Hematology and Bone Marrow Transplant Unit, Azienda Ospedaliera Papa Giovanni XXIII, 24127 Bergamo, Italy.
Oncotarget. 2017 Jun 6;8(23):37041-37060. doi: 10.18632/oncotarget.10556.
Treatment of acute promyelocytic leukemia (APL) with all-trans retinoic acid (ATRA) is the first example of targeted therapy. In fact, the oncogenic fusion-protein (PML-RAR) typical of this leukemia contains the retinoid-nuclear-receptor RARα. PML-RAR is responsible for the differentiation block of the leukemic blast. Besides PML-RAR, two endogenous RARα proteins are present in APL blasts, i.e. RARα1 and RARα2. We developed different cell populations characterized by PML-RAR, RARα2 and RARα1 knock-down in the APL-derived NB4 cell-line. Unexpectedly, silencing of PML-RAR and RARα2 results in similar increases in the constitutive expression of several granulocytic differentiation markers. This is accompanied by enhanced expression of the same granulocytic markers upon exposure of the NB4 blasts to ATRA. Silencing of PML-RAR and RARα2 causes also similar perturbations in the whole genome gene-expression profiles of vehicle and ATRA treated NB4 cells. Unlike PML-RAR and RARα2, RARα1 knock-down blocks ATRA-dependent induction of several granulocytic differentiation markers. Many of the effects on myeloid differentiation are confirmed by over-expression of RARα2 in NB4 cells. RARα2 action on myeloid differentiation does not require the presence of PML-RAR, as it is recapitulated also upon knock-down in PML-RAR-negative HL-60 cells. Thus, relative to RARα1, PML-RAR and RARα2 exert opposite effects on APL-cell differentiation. These contrasting actions may be related to the fact that both PML-RAR and RARα2 interact with and inhibit the transcriptional activity of RARα1. The interaction surface is located in the carboxy-terminal domain containing the D/E/F regions and it is influenced by phosphorylation of Ser-369 of RARα1.

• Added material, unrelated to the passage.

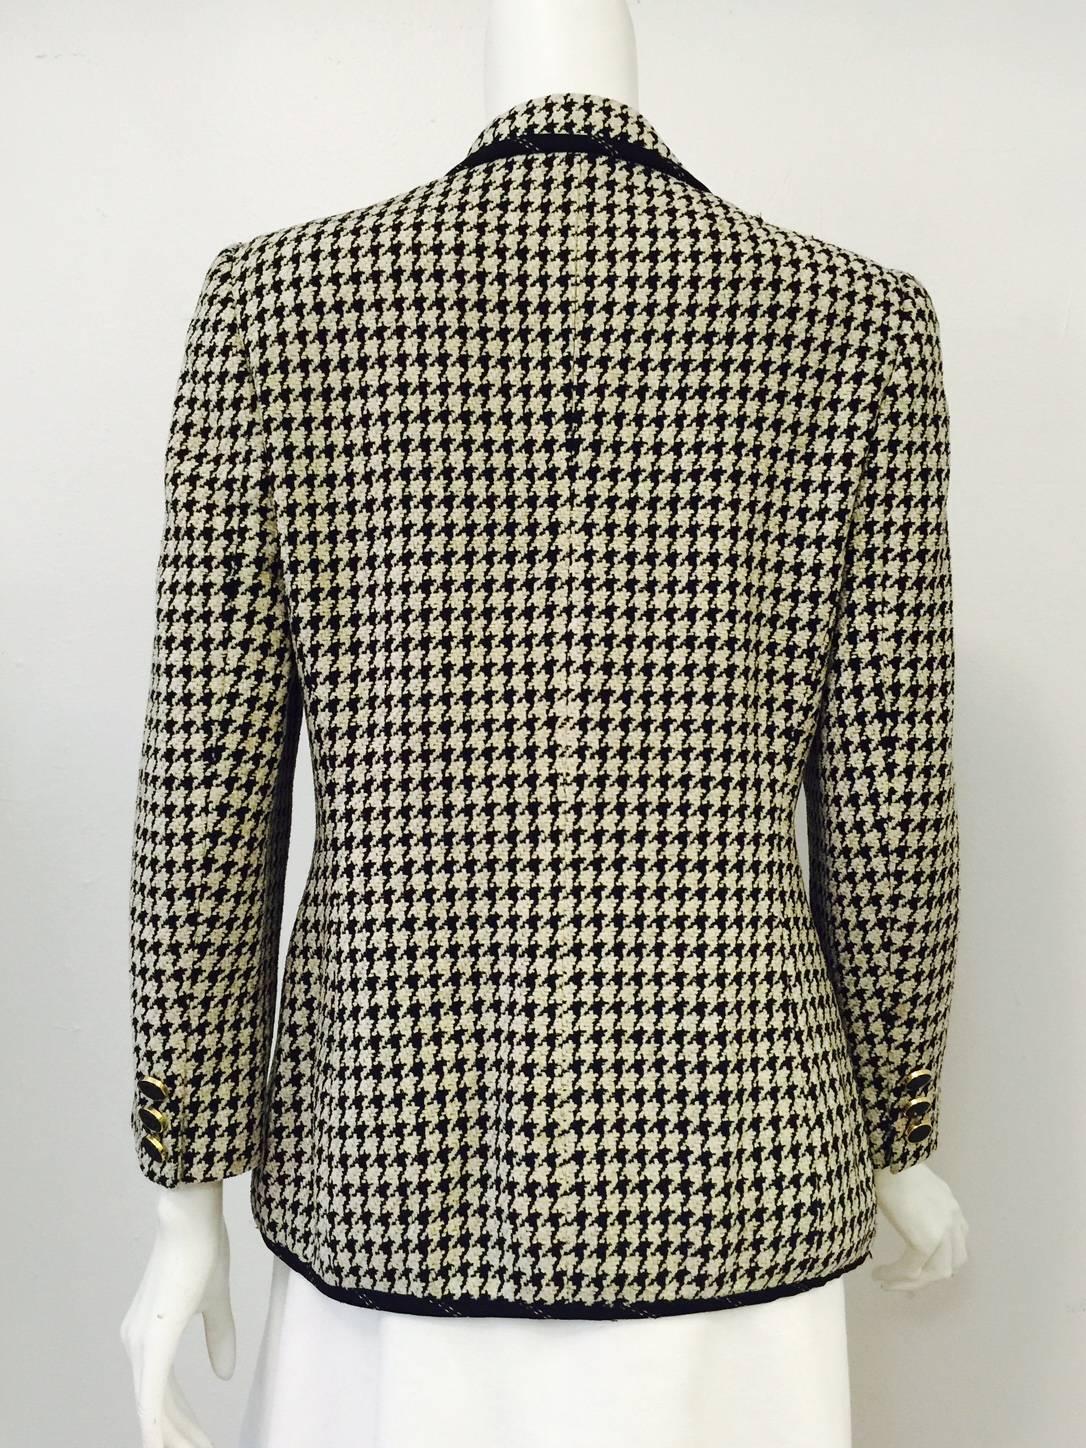 1990s Escada by Margaretha Ley Jacket proves that cozy and comfortable can be chic!  Features luxurious black and tan wool blend hounds tooth chenille fabric, five-button closure and three-button sleeves. Four front pockets have working buttons.

用全反式维甲酸(ATRA)治疗急性早幼粒细胞白血病(APL)是靶向治疗的首个实例。事实上,这种白血病典型的致癌融合蛋白(PML-RAR)包含类视黄醇核受体RARα。PML-RAR导致白血病母细胞的分化阻滞。除了PML-RAR,APL母细胞中还存在两种内源性RARα蛋白,即RARα1和RARα2。我们在源自APL的NB4细胞系中开发了以PML-RAR、RARα2和RARα1敲低为特征的不同细胞群体。出乎意料的是,PML-RAR和RARα2的沉默导致几种粒细胞分化标志物的组成型表达出现类似增加。这伴随着NB4母细胞暴露于ATRA后相同粒细胞标志物表达的增强。PML-RAR和RARα2的沉默还会在载体和ATRA处理的NB4细胞的全基因组基因表达谱中引起类似的扰动。与PML-RAR和RARα2不同,RARα1的敲低会阻断几种粒细胞分化标志物的ATRA依赖性诱导。NB4细胞中RARα2的过表达证实了许多对髓系分化的影响。RARα2对髓系分化的作用不需要PML-RAR的存在,因为在PML-RAR阴性的HL-60细胞中敲低时也会出现这种情况。因此,相对于RARα1,PML-RAR和RARα2对APL细胞分化产生相反的作用。这些相反的作用可能与PML-RAR和RARα2都与RARα1相互作用并抑制其转录活性这一事实有关。相互作用表面位于包含D/E/F区域的羧基末端结构域,并且受RARα1的Ser-369磷酸化影响。